▸ **Task prompt**:
A verbatim copy is needed of the lines below from the one containing "90 Lean 10fat" up to and including the one containing "Claude Monet Wallpaper", excluding pictures.

Dataset Start Marker

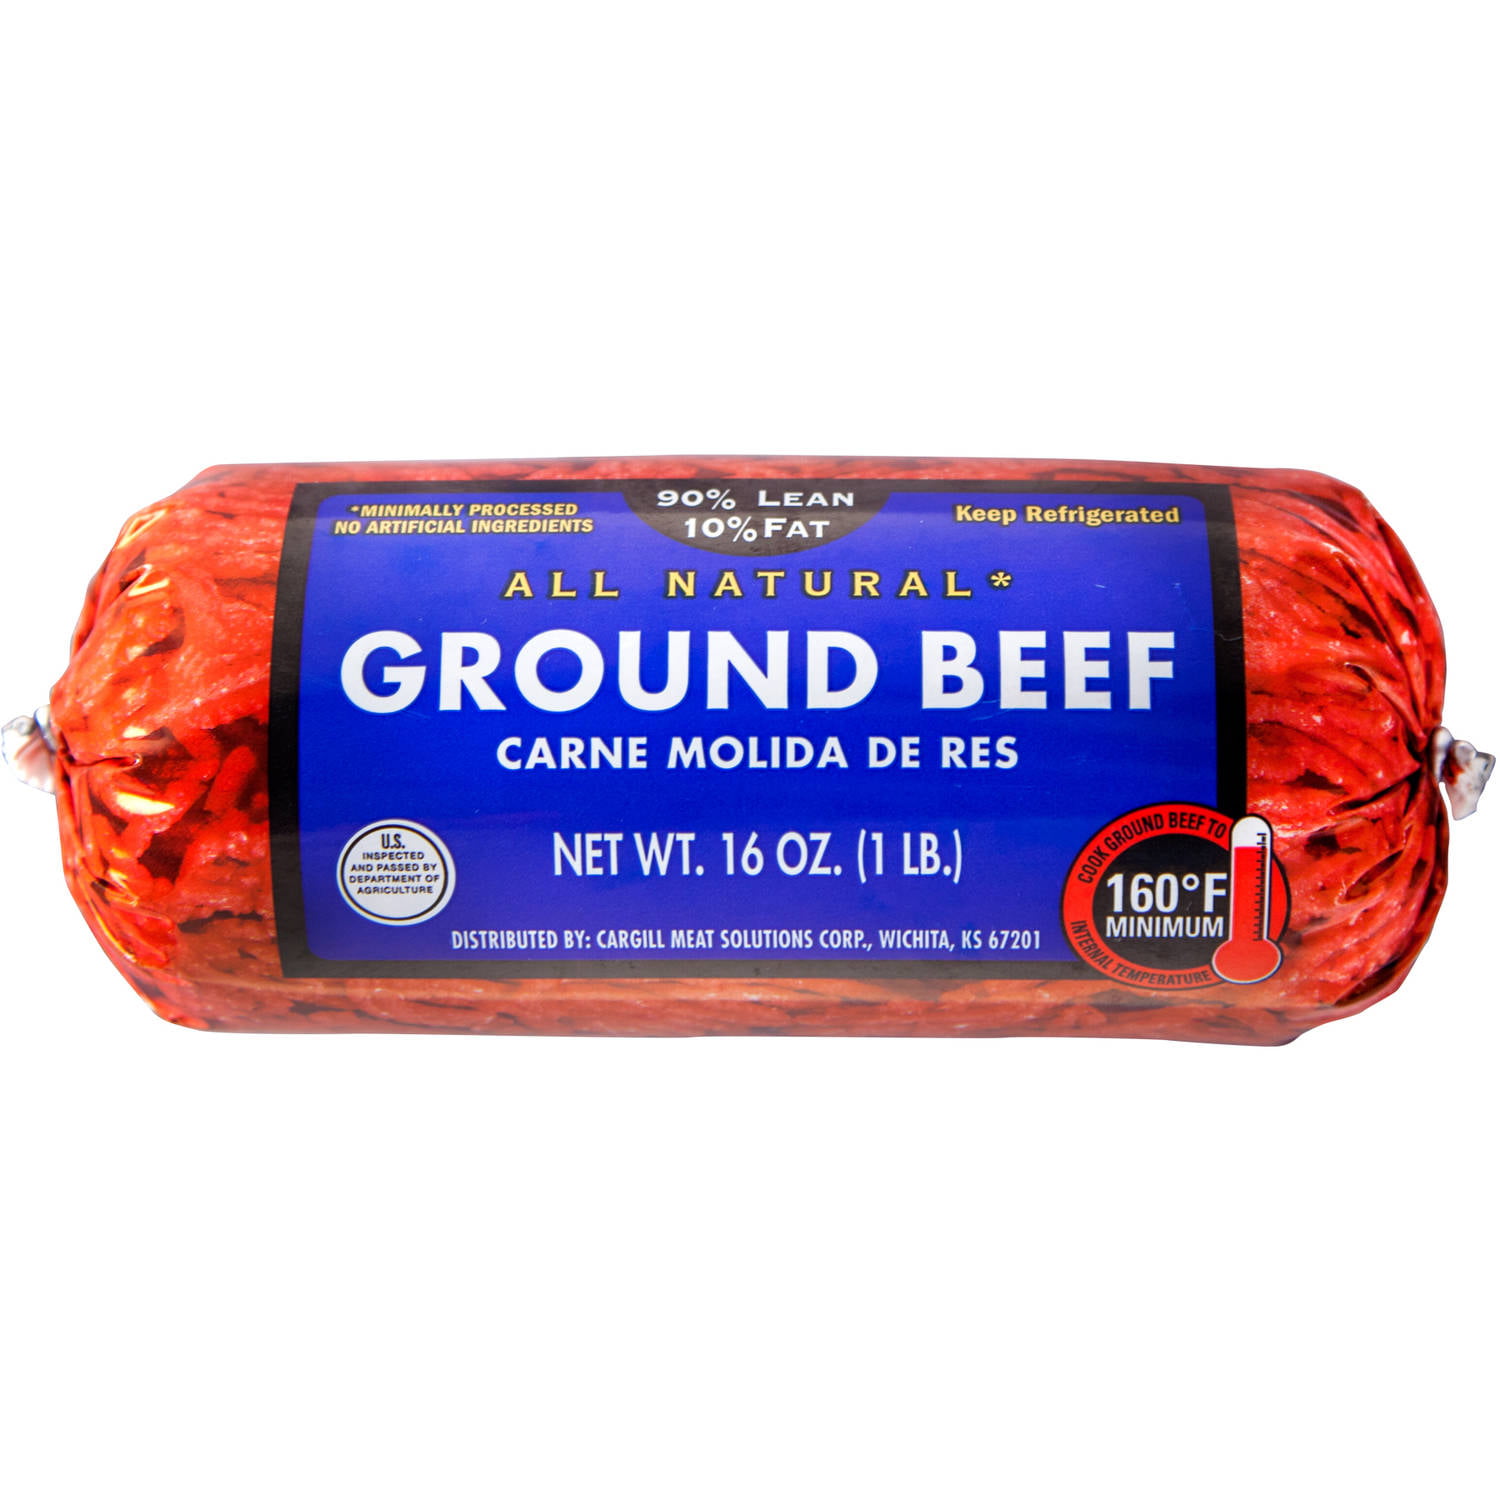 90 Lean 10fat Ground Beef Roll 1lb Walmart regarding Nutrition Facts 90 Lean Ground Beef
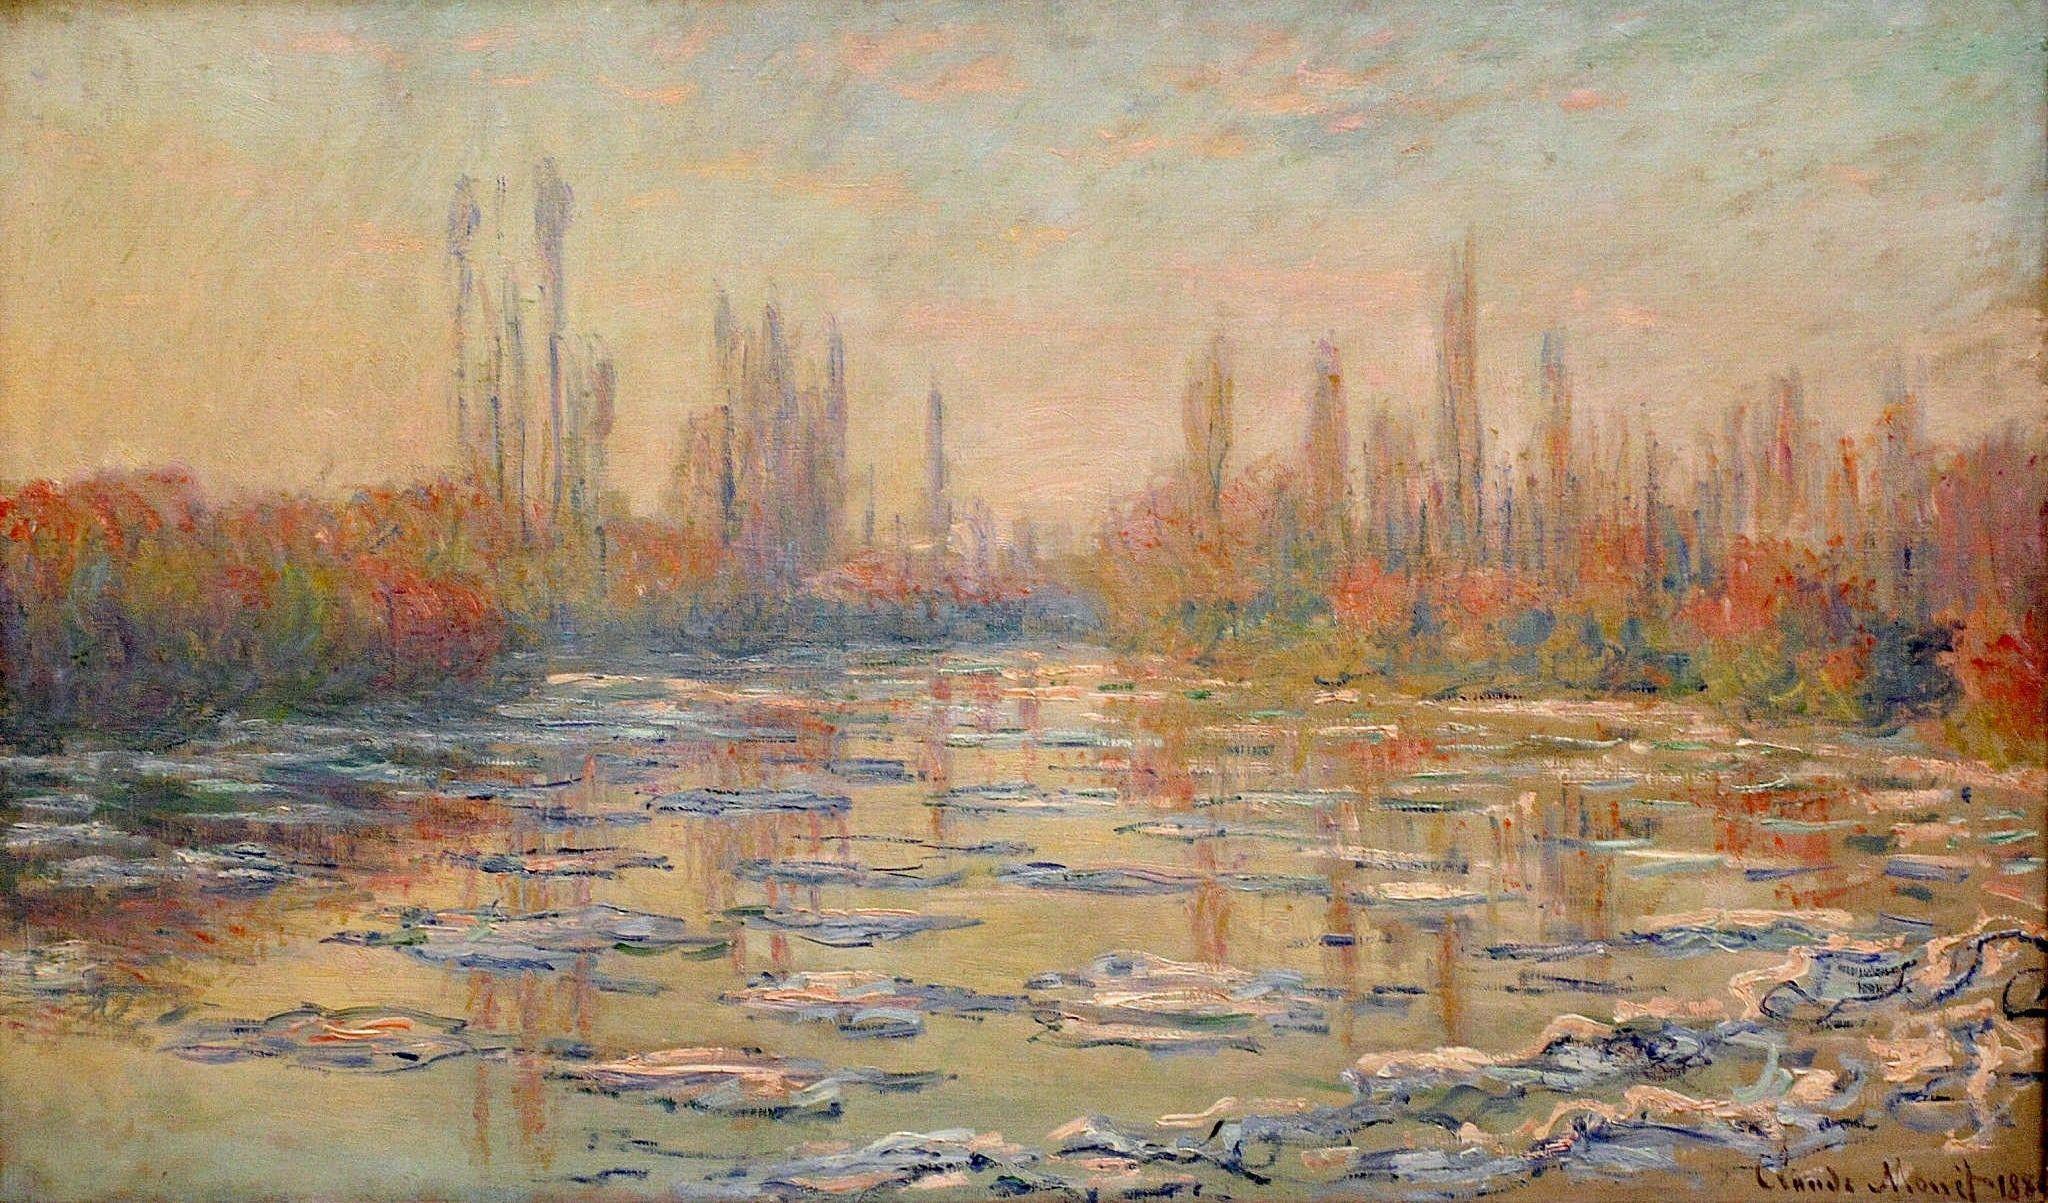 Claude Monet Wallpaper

Dataset End Marker
Dataset Start Marker

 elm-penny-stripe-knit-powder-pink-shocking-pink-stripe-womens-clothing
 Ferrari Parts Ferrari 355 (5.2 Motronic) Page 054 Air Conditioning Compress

Dataset End Marker
Dataset Start Marker

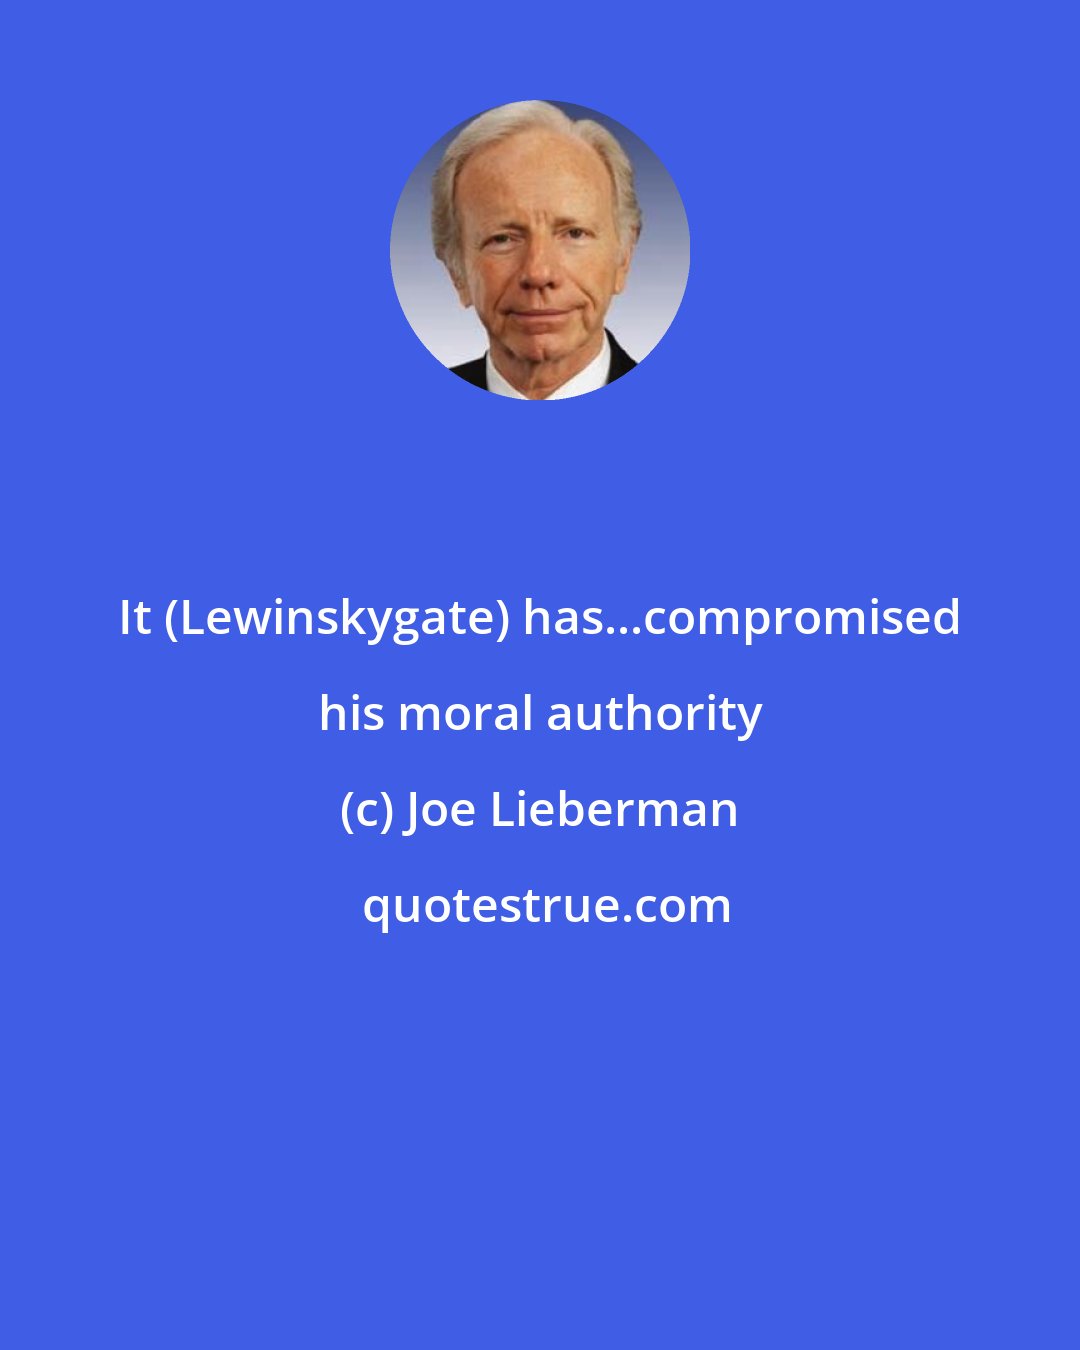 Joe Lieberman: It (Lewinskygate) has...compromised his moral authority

Dataset End Marker

▸ **Written response**:
 90 Lean 10fat Ground Beef Roll 1lb Walmart regarding Nutrition Facts 90 Lean Ground Beef
 Claude Monet Wallpaper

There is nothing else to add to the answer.